Pay attention to this part in particular:
>>>>writing a symbol on the tape (maybe the symbol already
>>>>there),
>>>
>>For example:
>>
>> q_n 'B' 'B' L q_m
>>
>>which means: 'When in internal state q_n; when the scanned symbol is
>>'B': erase the scanned symbol and write a 'B' in its place; then move
>>the head one square to the left; and move into internal state q_m.'
Writing a 'B' in place of a 'B' has the same effect as not writing
anything in place of that 'B', and just leaving that 'B' in place.
[...]
>
> It could make sense to have an implicit read operation.
> But This is not what Mitch Claimed:
>
>>>>>>Every transition in a TM writes something to the tape.
And his very next sentence was: "It may be what was there before."
So, Mitch Harris had said:
> Every transition in a TM writes something to the tape.
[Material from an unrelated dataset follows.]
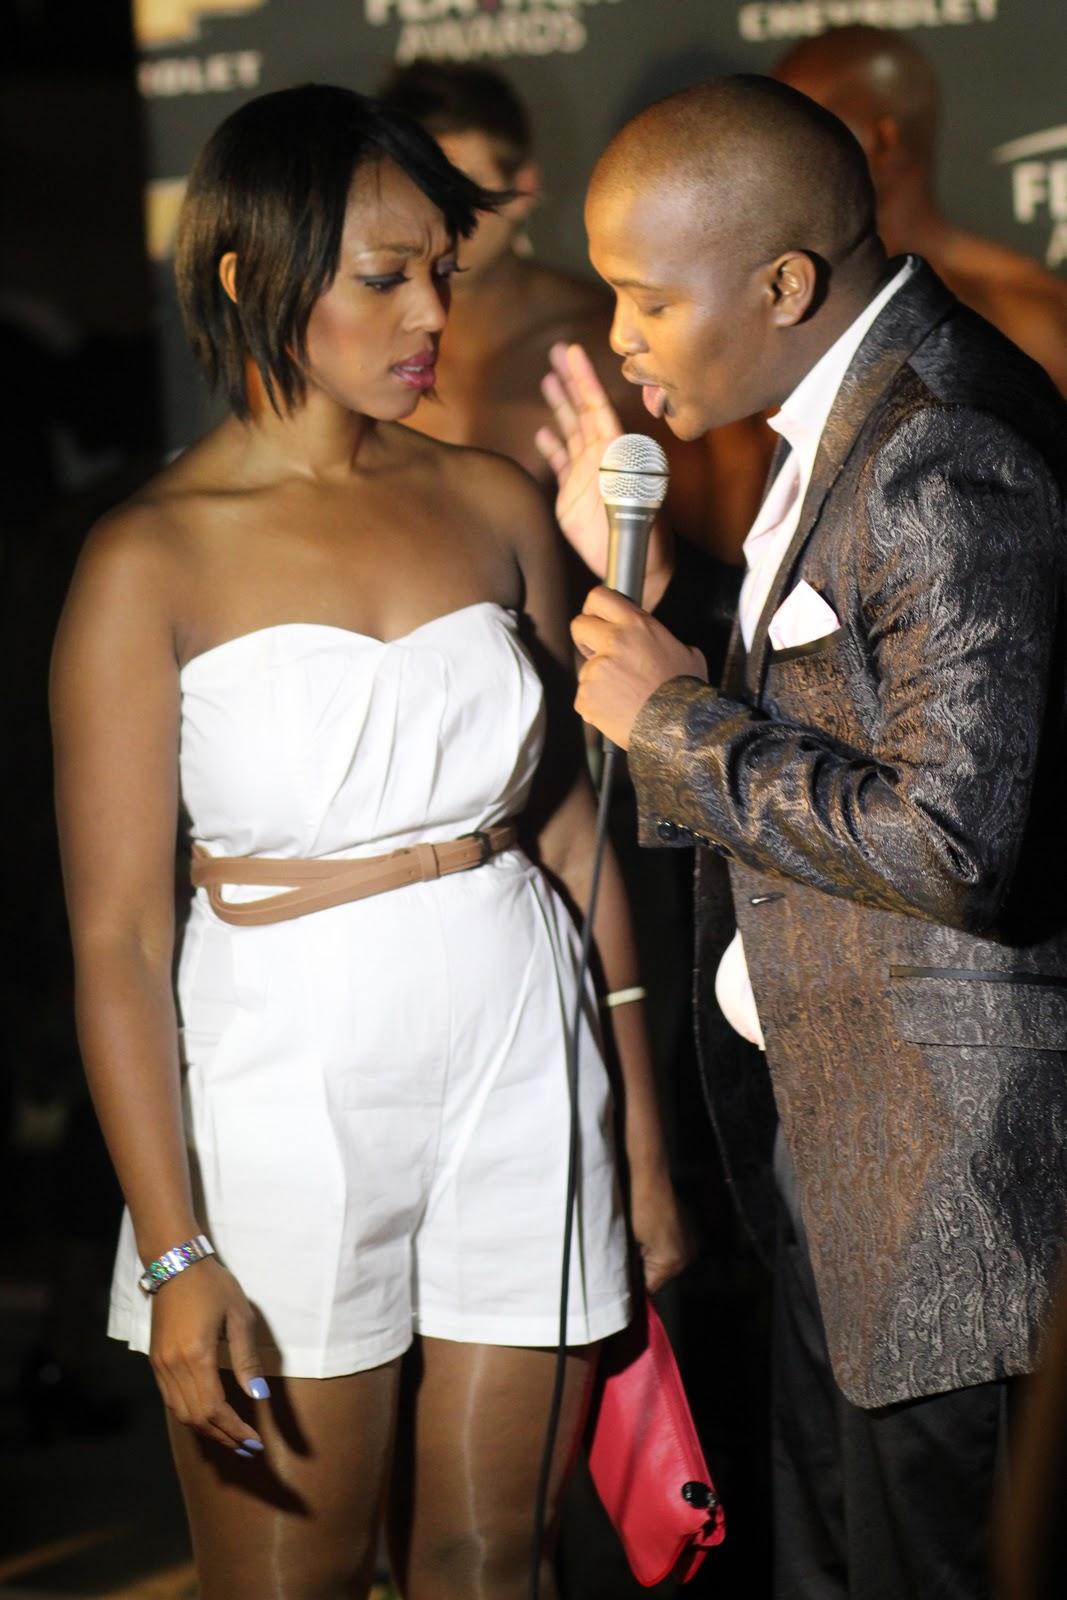 who is dating katlego danke in real life Katlego muvhango real name sindi dlathu married real life katlego danke generations: biography ,marriage ,husband by swag africa.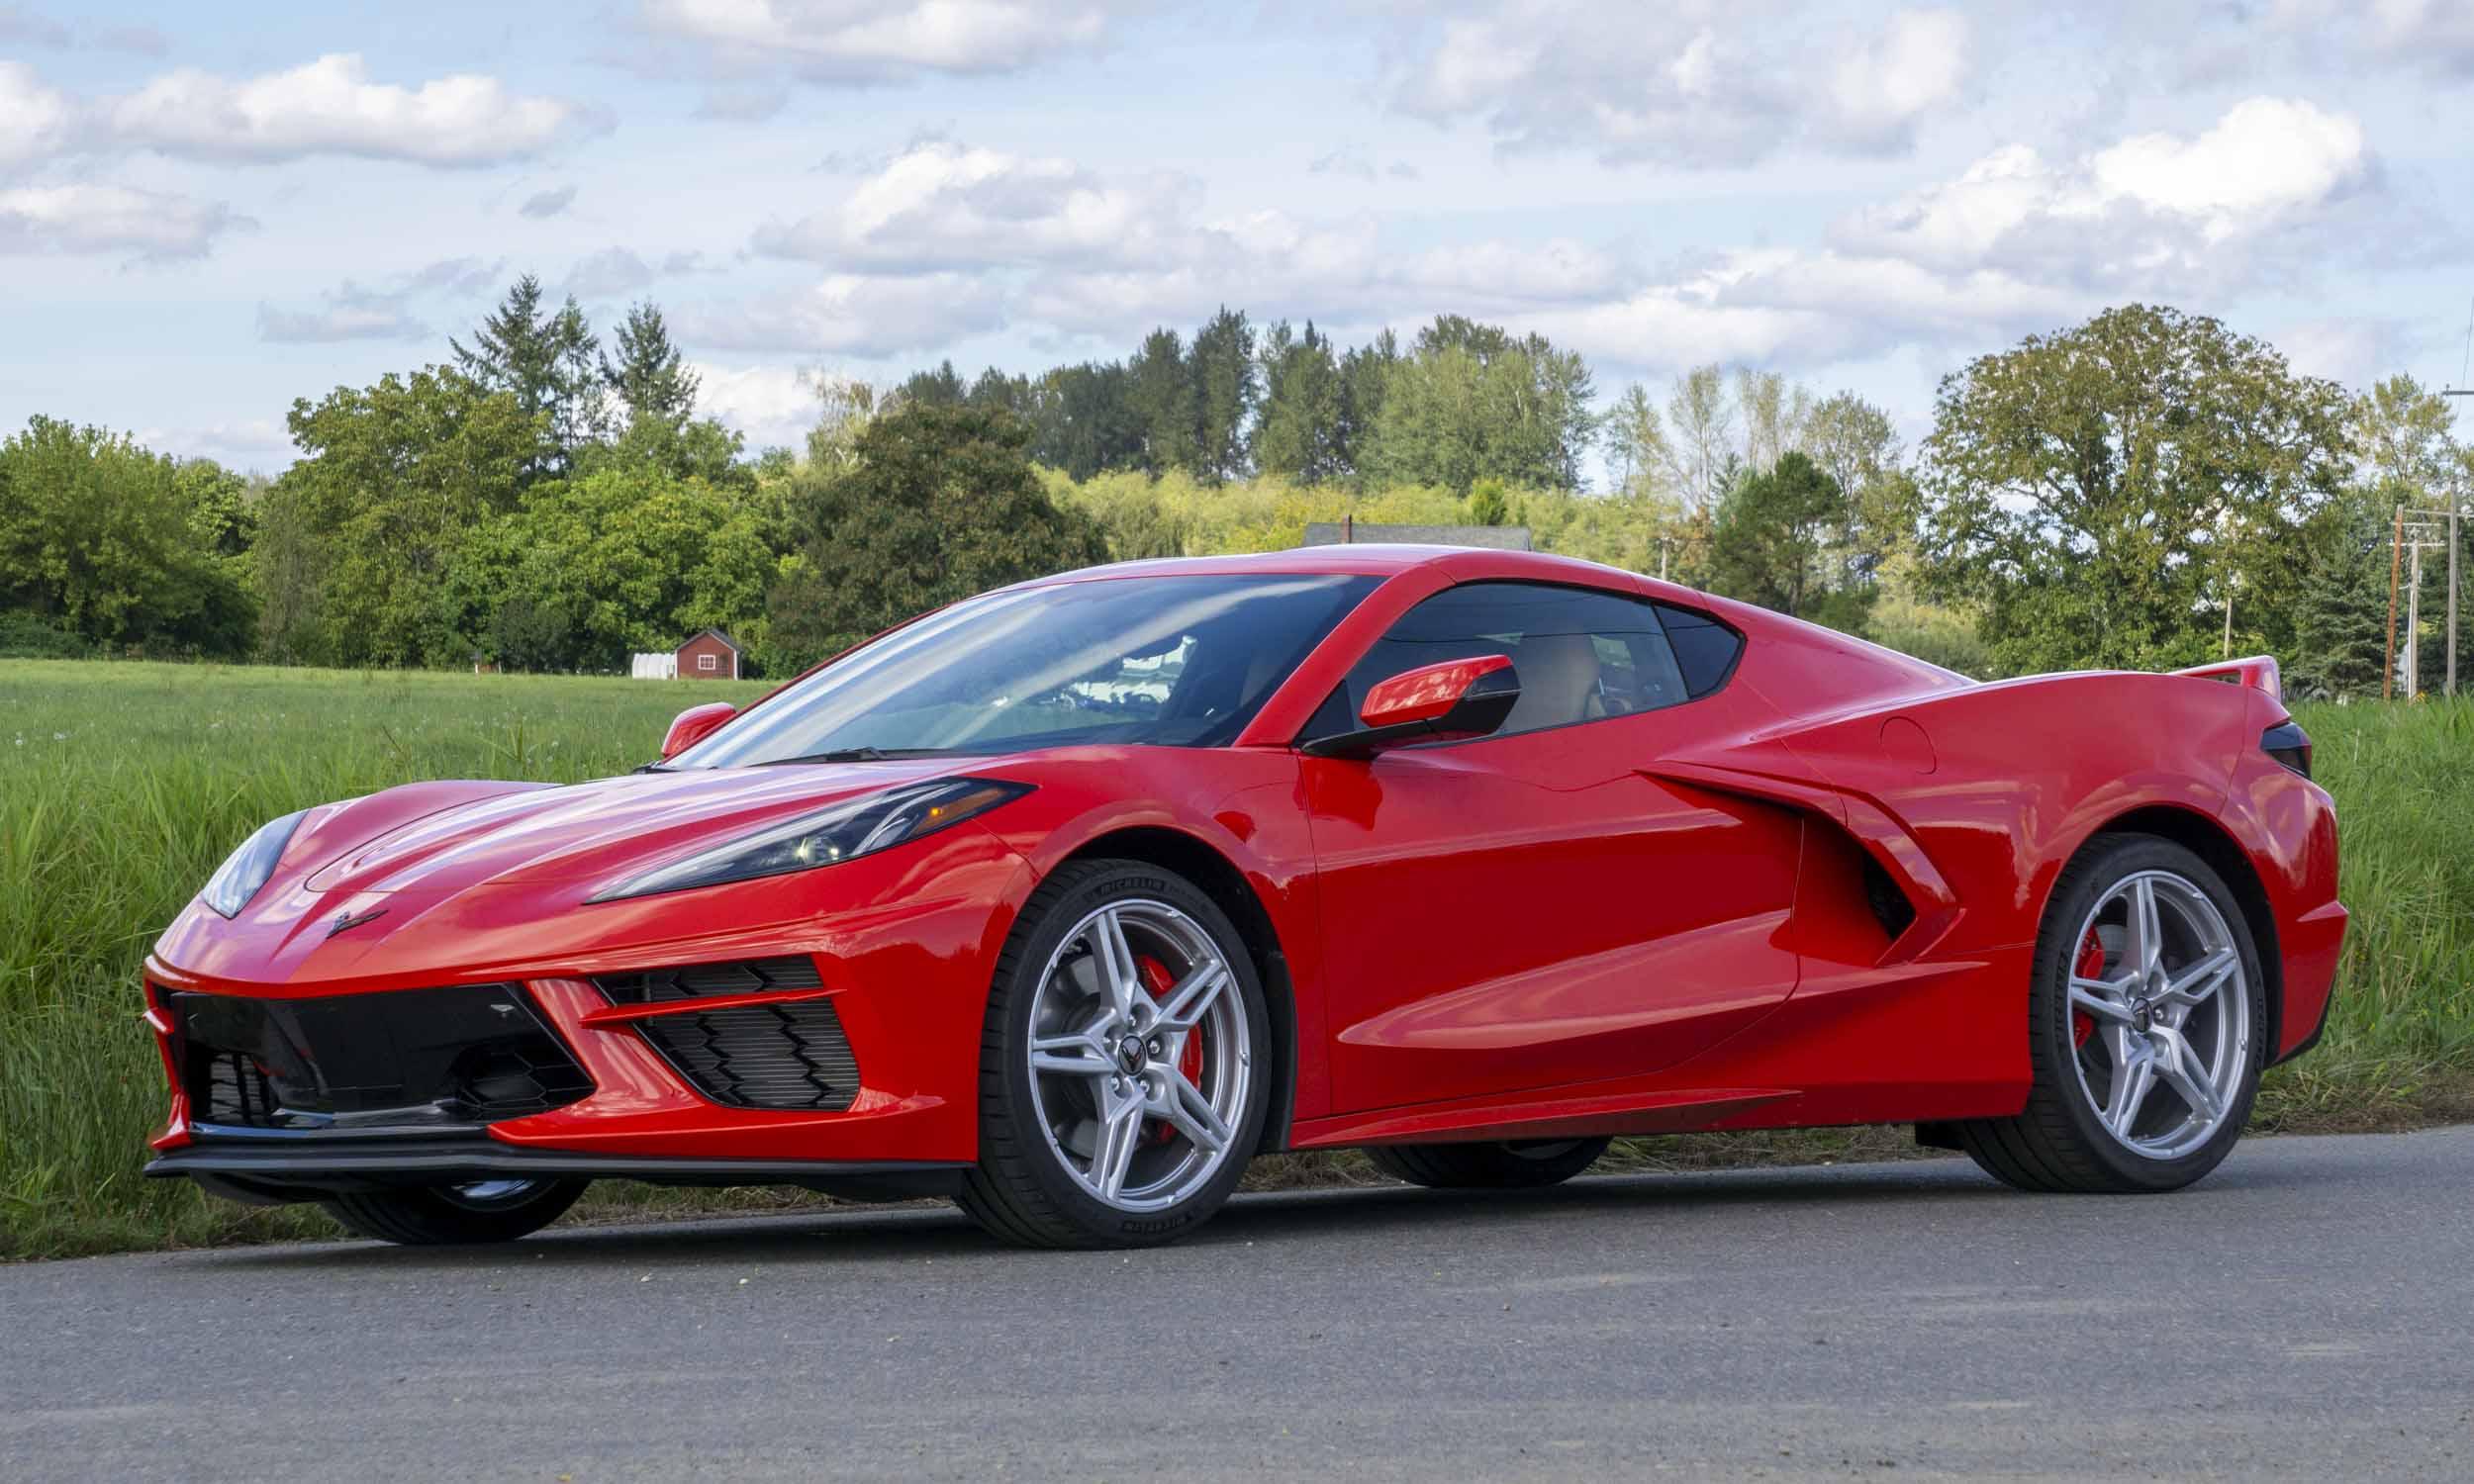 2020 Chevrolet Corvette Stingray Reviewnbsp

It
> may be what was there before.
And Robert Low had said:
> A transition of a TM *by definition* comprises [...]
> writing a symbol on the tape (/maybe the symbol already
> there/)[...].
(emphasis mine).
And I then gave you some simple examples to illustrate what they were
telling you, and yet you /still/ go on to say:
> I don't think that it can make sense to have an implicit read
> operation, AND an implicit write operation. You might wipe
> out data that you need.
It is therefore unmistakeably obvious that you do not even have a basic
understanding of what a TM is.
And now I've got a sudden, severe hankering for chips by the sea-side.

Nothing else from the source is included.